The chinese-new-year-on-or-before function (Line 43), which is in the library to aid in the writing of the typically more useful chinese-from-fixed function, turned out to be just what I needed here. It gets me the fixed date of Chinese New Year that’s on or before Ramadan 1. I then check to see if that’s exactly one day before Ramadan 1 in Line 44.

This script’s output was

Wednesday, February 6, 1799
Wednesday, February 18, 2026
Wednesday, February 16, 2124
Wednesday, February 13, 2222

We see that last week’s triple correspondence hadn’t occurred in 227 years, and it’ll be another 98 years before the next one. Thanks to TJ for getting me to look into this rare event.

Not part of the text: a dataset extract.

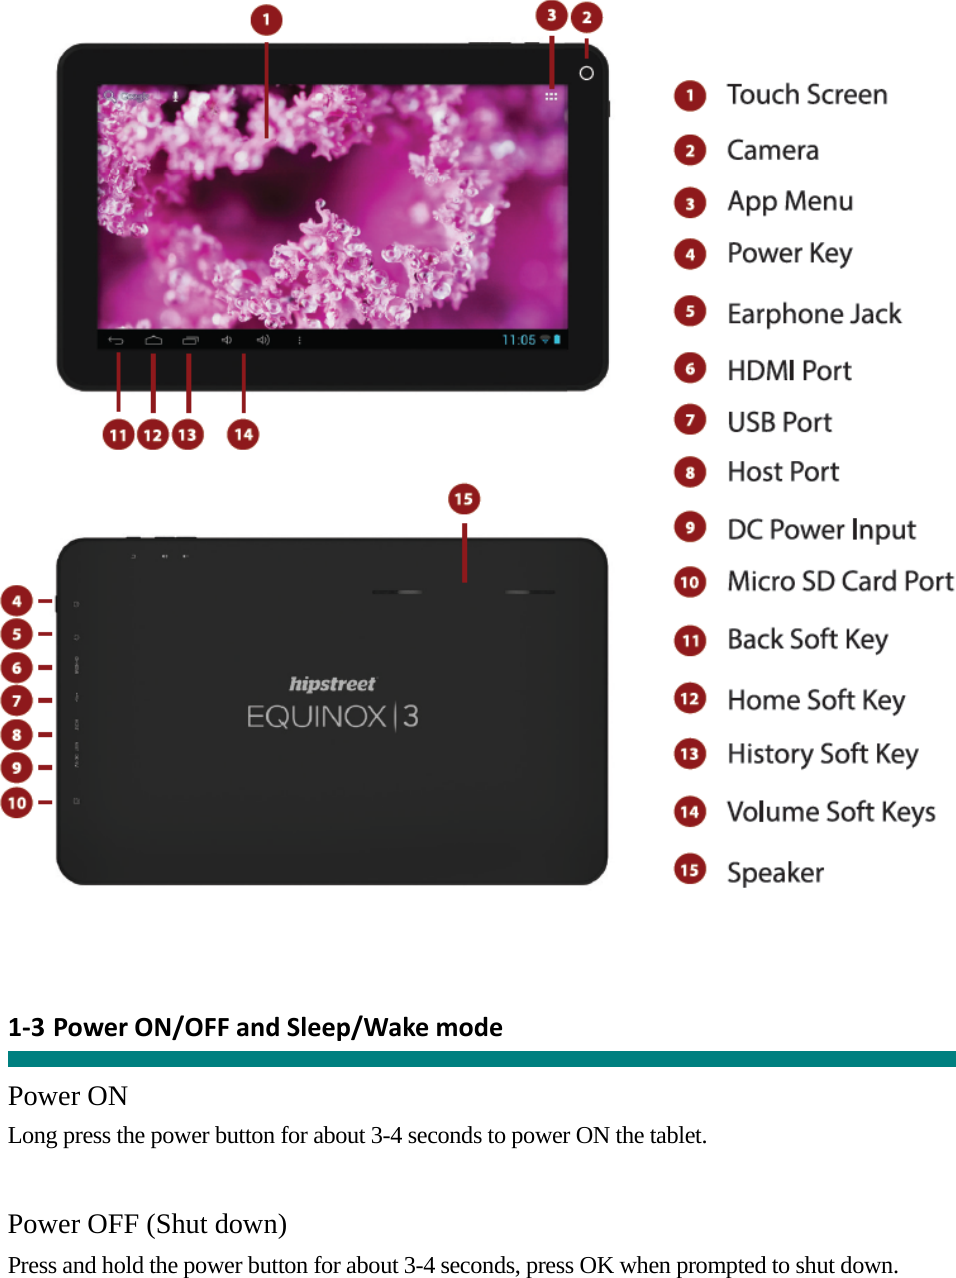      1‐3 PowerON/OFFandSleep/Wakemode  Power ON Long press the power button for about 3-4 seconds to power ON the tablet.     Power OFF (Shut down)  Press and hold the power button for about 3-4 seconds, press OK when prompted to shut down.

I’ve had a copy of the second edition of Calendrical Calculations (called the Millenium Edition because it came out in 2001) for over twenty years. As I was fiddling with ramadan-lent and ramadan-lent-new-year, I ordered the fourth (or Ultimate) edition so I’d have the best reference on the functions in calendar.lisp. You can expect more posts on calendars and astronomical events as I dig into it.


  1. Not in SBCL, unfortunately. As best as I can tell, SBCL wants every function to be defined in terms of previously defined functions, and R&D didn’t write their code that way. CLISP is more forgiving in the order of definitions.